The girl, Maria, has been promised in marriage to the plantation foreman, Ignacio (Justo Lorenzo), a match that will ensure her future as well as that of her hard-working parents, Juana (Maria Telon) and Manuel (Manuel Antun). But while she quietly goes along with the arrangement, Maria is drawn to a young plantation worker, Pepe (Marvin Coroy), and when she finally acts on her feelings one night — emerging from the shadows with silent, steely resolve to seduce the drunken young man — it’s clear that her youthful lust carries a pragmatic streak.
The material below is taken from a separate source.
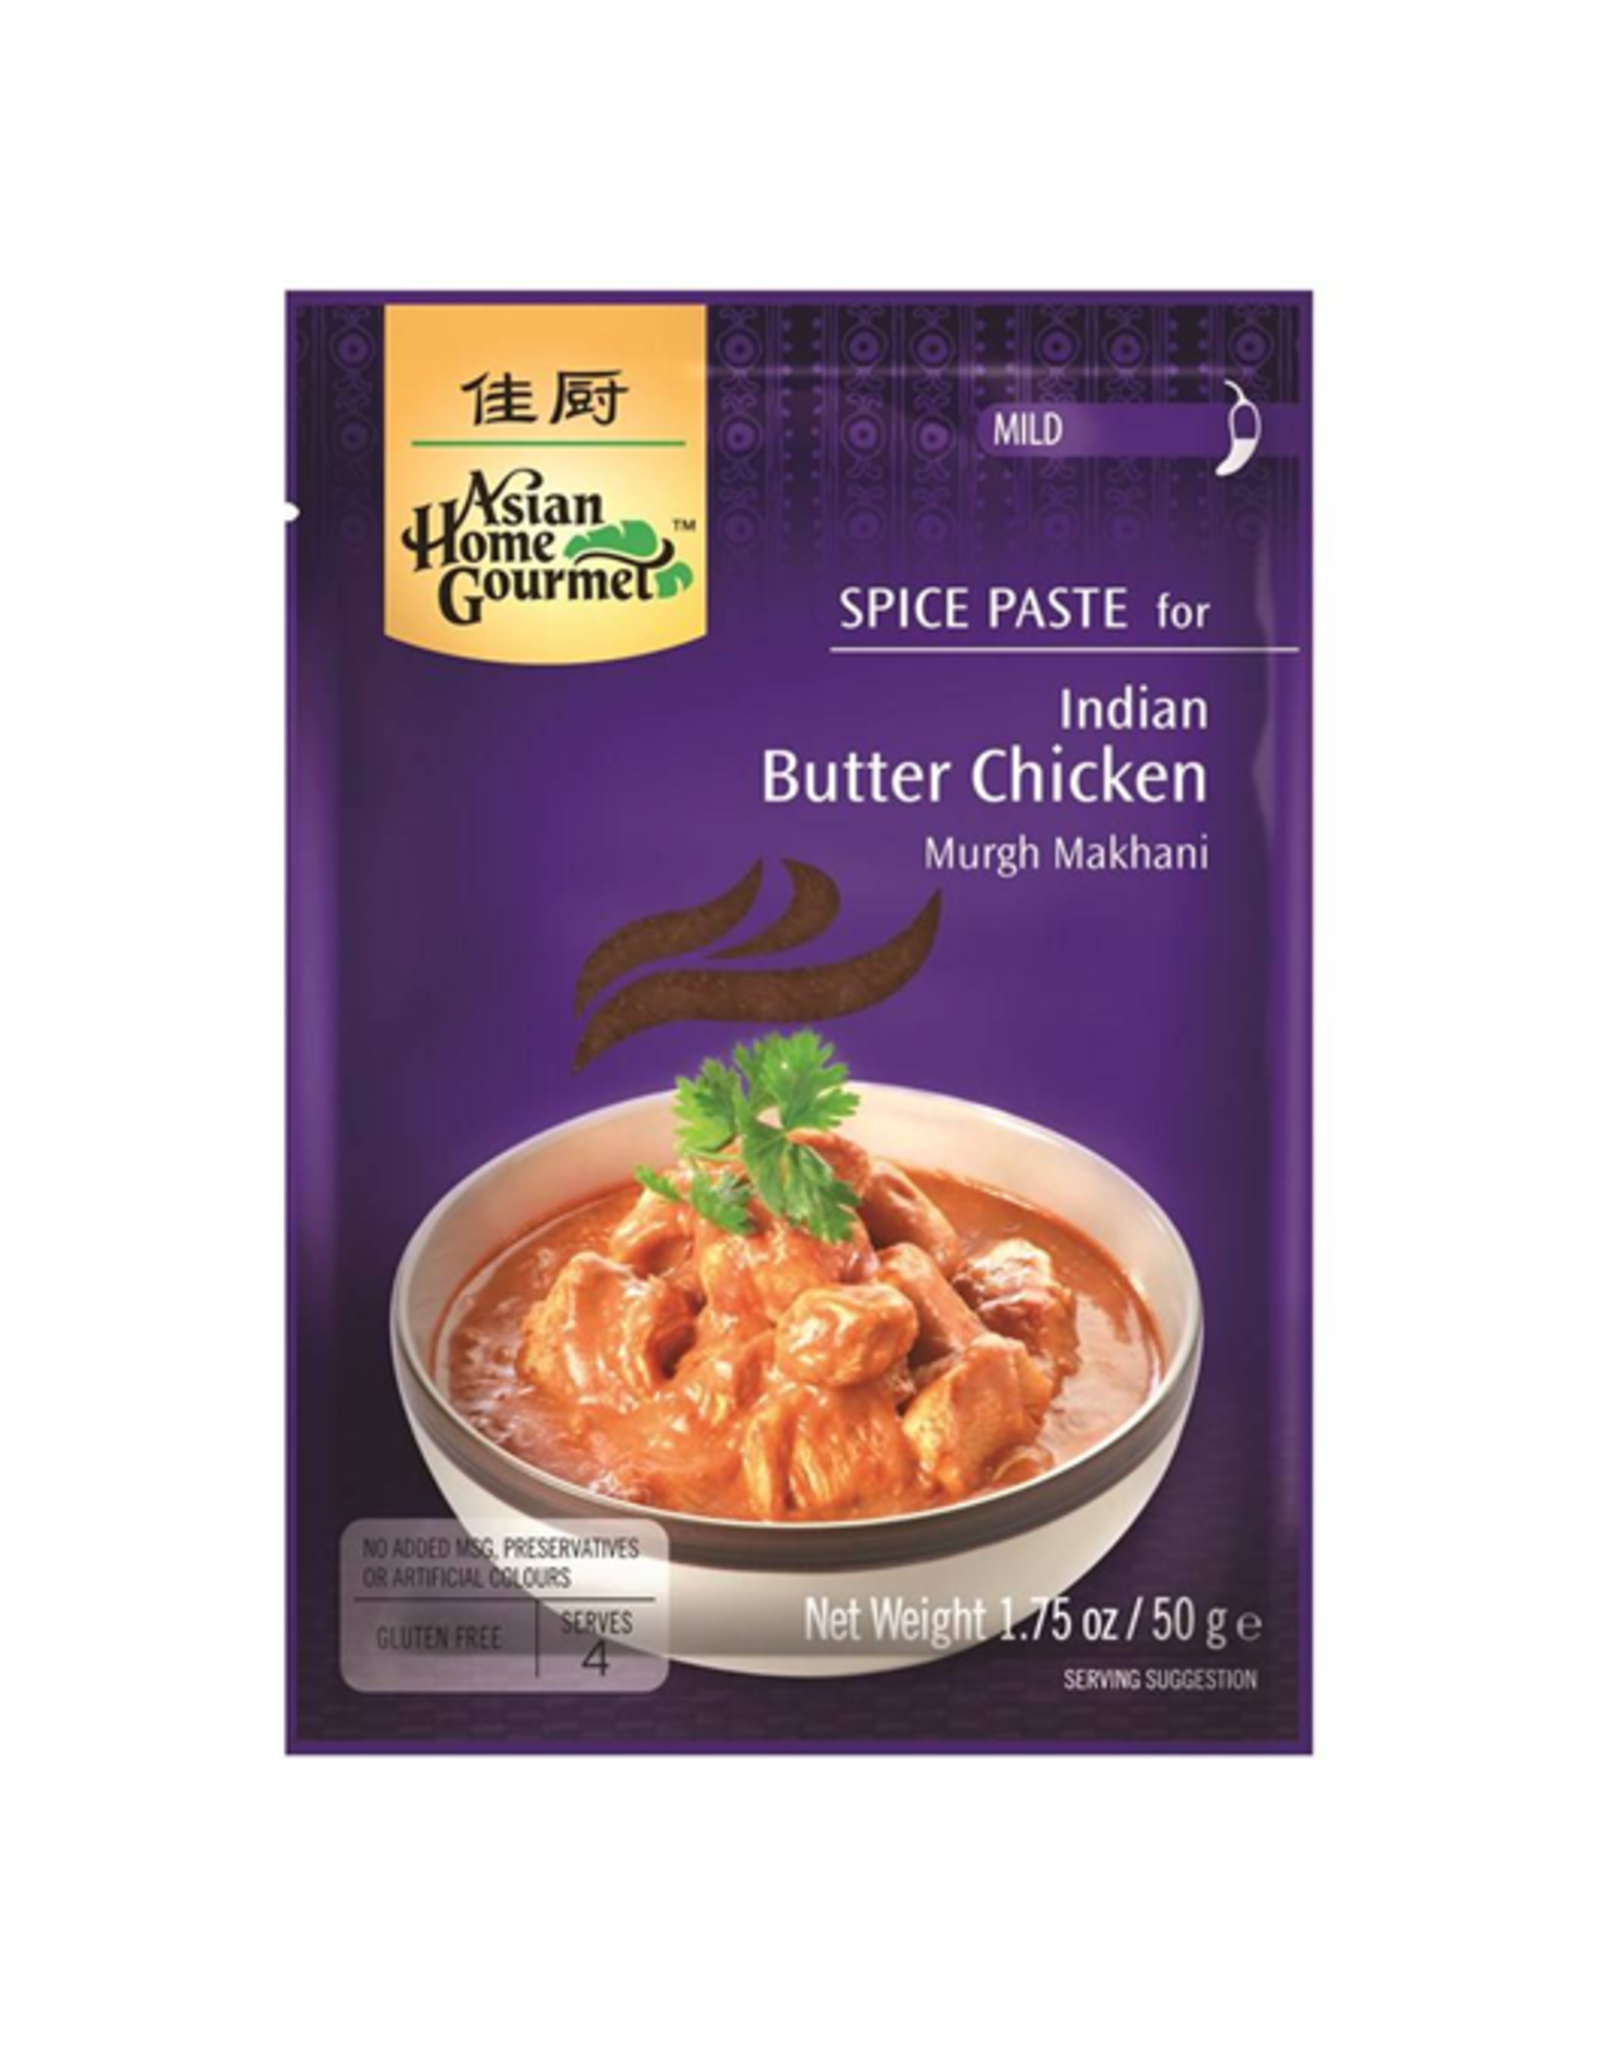 Asian Home Gourmet Indian Butter Chicken

In Pepe, who dreams of migrating to the United States, Maria sees a chance to seize her own dream of a better life.

The opposite turns out to be true, and the cruel consequences of Maria’s actions will ripple across the remainder of “Ixcanul,” complicating her impending marriage to Ignacio and threatening her family’s already tenuous hopes of survival.

But as the director and his lead actress make clear as they nudge their film in the direction of tragedy, the events have an even more profound effect on Maria herself, forcing this young woman to see everything — from her body to her place in a world that is bigger and more unknowable than she could have imagined — with a shattering new clarity.

Bustamante, who grew up in the highlands and identifies as mestizo, dramatizes his characters and their indigenous way of life with a powerful, almost feverish sense of immersion. You can sense the director’s respect for his subject in the movie’s unhurried dramatic rhythms, its grounding in the earthy rituals of everyday life and its strong cast of nonprofessional Mayan actors. Like the untamed sounds of the natural world that dominate the movie’s aural track, the actors’ untrained yet intuitive performances pull you into a world that, with its cherished customs and its closely guarded myths and superstitions, seems to have existed long before Bustamante had the inspiration to turn his camera on it.

In this landscape of rough terrain and ash-black soil, the mundane spectacle of a pig being brought into a pen to mate with a boar carries an obvious metaphor for the life of marriage and child rearing to which Maria has been assigned.

No less fraught with meaning is an infestation of snakes on the plantation grounds, all but suggesting a toxic manifestation of the forces that seek to keep these indigenous people in poverty and oppression, not least the language barrier that separates this Mayan community from the broader Spanish-speaking world.

The symbolism is there for the taking, but the picture doesn’t draw undue attention to it. What distinguishes “Ixcanul” — which first screened at the 2015 Berlin Film Festival, where it won the Alfred Bauer Prize for “opening new perspectives” — is that its evocation of this far-flung culture never softens into an uncritical embrace. Bustamante has made a film that sits astride the age-old clash of tradition and modernity, and casts a harshly appraising glance in either direction.

It is scornful of the opportunistic Ignacios of the world, but also of the willful ignorance and patriarchal thinking that hold sway even within Maria’s family.

Yet even as it moves from tender ethnographic portraiture into a realm of hushed, intimate tragedy, “Ixcanul” quivers with a fierce if understated feminine energy. You can feel it in the women’s honest, matter-of-fact acknowledgments of desire (notably, every sexual encounter in the picture is initiated by a female). And the movie’s true hero is arguably not Maria but Juana, wonderfully played by Telon as a pillar of big-hearted resilience even as she acknowledges the limitations of her knowledge.

In the story’s most devastating moment, Juana cradles her daughter in her arms in the back of a moving truck, weeping as they race toward an uncertain future. And in a radical formal gesture, the once-stationary camera begins to rumble and shake beside them, as if the mountain of the title were suddenly, if only for a moment, erupting to life.


Rated: not rated. Starring: María Mercedes Coroy, María Telón and Manuel Antún. Director: Jayro Bustamante. Running time: 93 minutes. Theater: Flicks.